While the Russian military seems to be failing to capture key cities, President Vladimir Putin is intensifying his two-decade crackdown on information. The Kremlin has shut down Russia's last three independent media outlets, barred major social media platforms, created new laws against journalists who defy its propaganda and insisted on calling the war a “special military operation". But Russia’s propaganda has also forced multiple journalists to dramatically quit.
Press freedom activists outside Russia accuse its state television of painting a severely distorted picture of the war in Ukraine in a bid to maintain support for what the Kremlin calls a "special military operation".
Further tightening the Kremlin’s grip over media, Russian lawmakers approved on Tuesday legislation imposing jail terms of up to three years for the publication of false information about Russia's actions abroad.
Vladimir Slivyak, co-chair of the Russian environmental group Ecodefense and winner of the Alternative Nobel Prize, told FRANCE 24 that it is "getting increasingly difficult to obtain independent information" in Russia about the war.

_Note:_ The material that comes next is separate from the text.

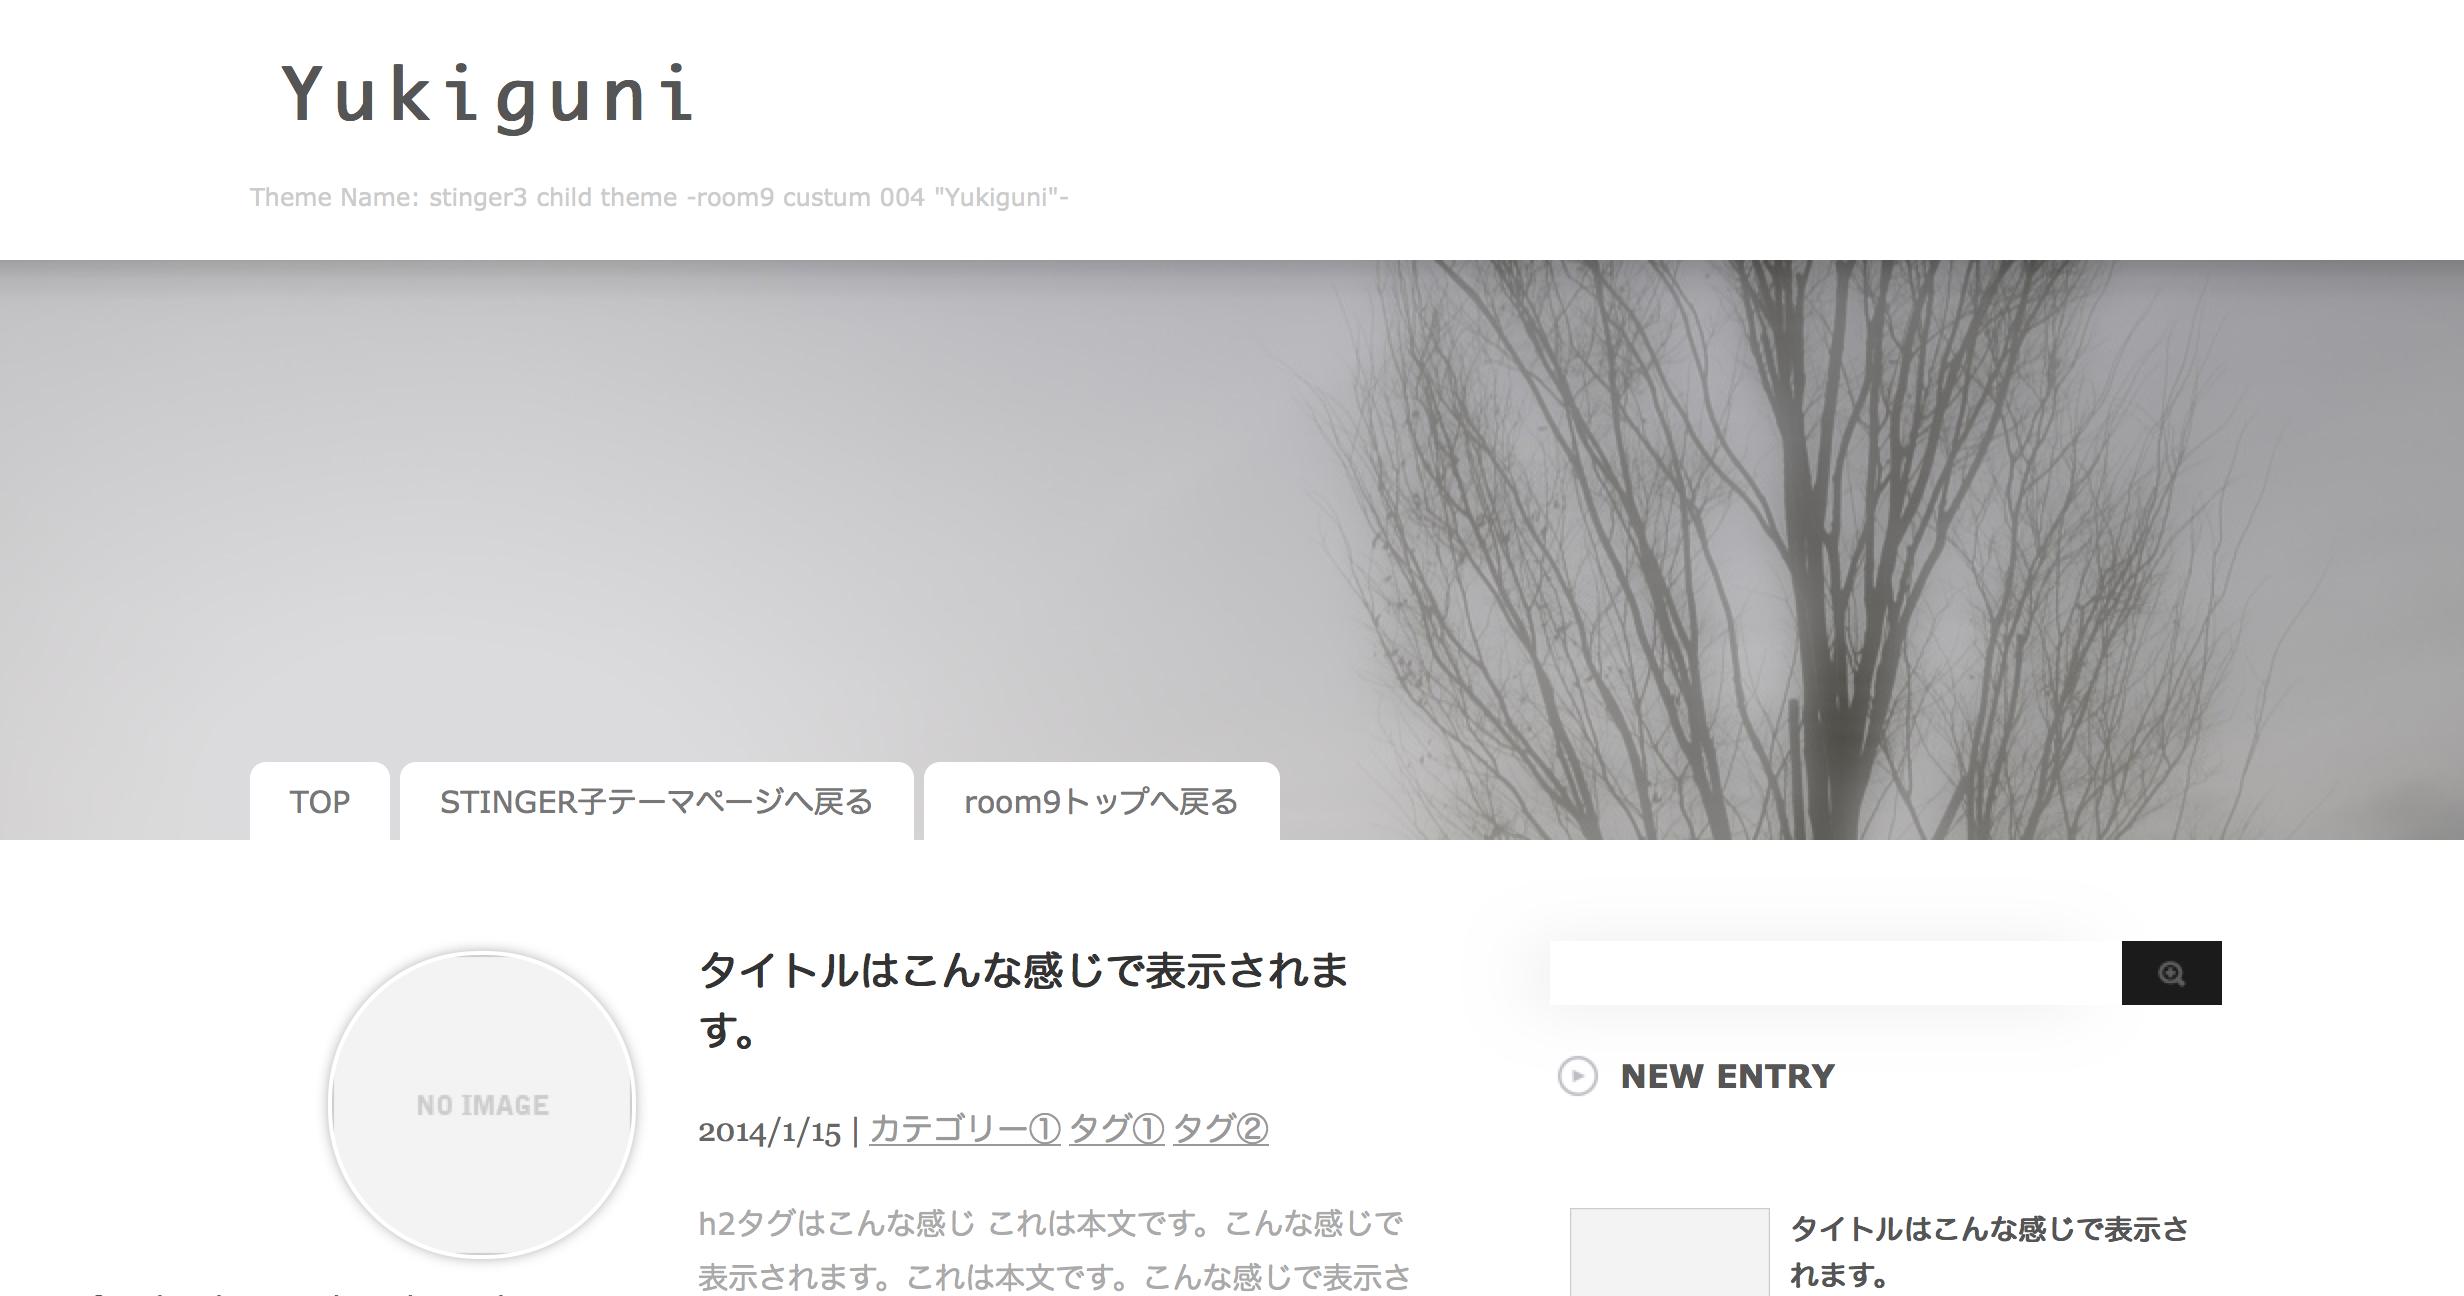 スクリーンショット 2014-01-20 7.08.15

Several journalists have also quit their jobs due to state propaganda demands. A Russian journalist who for years was senior foreign correspondent for state-run television on Tuesday lashed out at the propaganda broadcast by pro-Kremlin media after dramatically quitting over the invasion of Ukraine.

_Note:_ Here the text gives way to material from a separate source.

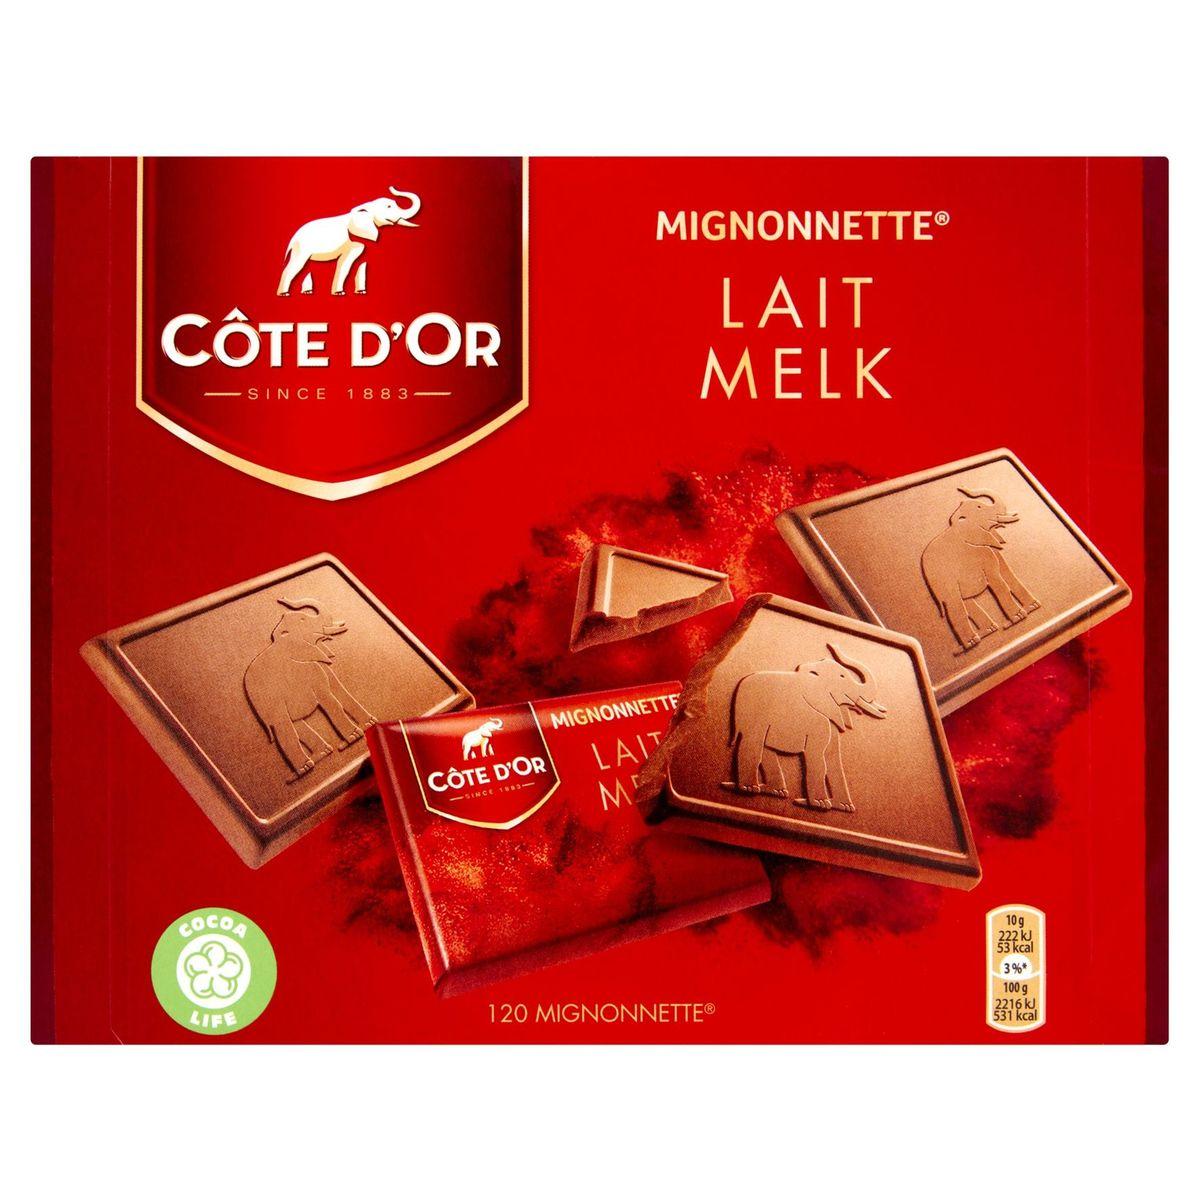 Côte d'Or Mignonnette Lait 120 Pièces 1200 g

Zhanna Agalakova, a familiar face in Russian households from two decades of working as a correspondent on postings that included New York and Paris, had earlier this month announced she was leaving Pervy Kanal (Channel One) due to the invasion of Ukraine.
Speaking in public for the first time since she quit, Agalakova told reporters at a news conference in Paris organised by press freedom group Reporters Without Borders (RSF) that she could no longer be involved in the "lies" and "manipulation" of Russian state TV.
"I want the people of Russia to hear me and learn what propaganda is and stop being zombified," she said. With tears in her eyes, Agalakova said she had hesitated a long time before speaking out but then decided "there was no other choice".
Agalakoa admitted that she had "made many compromises in my career" but she described the invasion of Ukraine as a "red line".
Not the only journalist to quit
There has also been intense focus on Russian TV since Marina Ovsyannikova, an editor on the Pervy Kanal, barged onto the set of its flagship Vremya (Time) evening news last week, holding a poster that read "No War."
Ovsyannikova was later detained and a Moscow court rapidly fined her 30,000 rubles (€260). But despite being released she could face further prosecution, risking years in prison under the draconian new laws.
NTV channel news anchor Lilya Gildeeva, who has worked for the channel now owned by energy giant Gazprom since 2006, said she has left Russia and resigned from her job.
And the longstanding Brussels correspondent of NTV, Vadim Glukser, has said he has handed in his notice.
"Many journalists, producers or people who work in the media think like me," Agalakova told reporters in Paris. "It's easy to accuse them, to ask why they don't resign, don't protest. But those who stay have families, elderly parents, children, houses to pay for. They are hostages of the situation."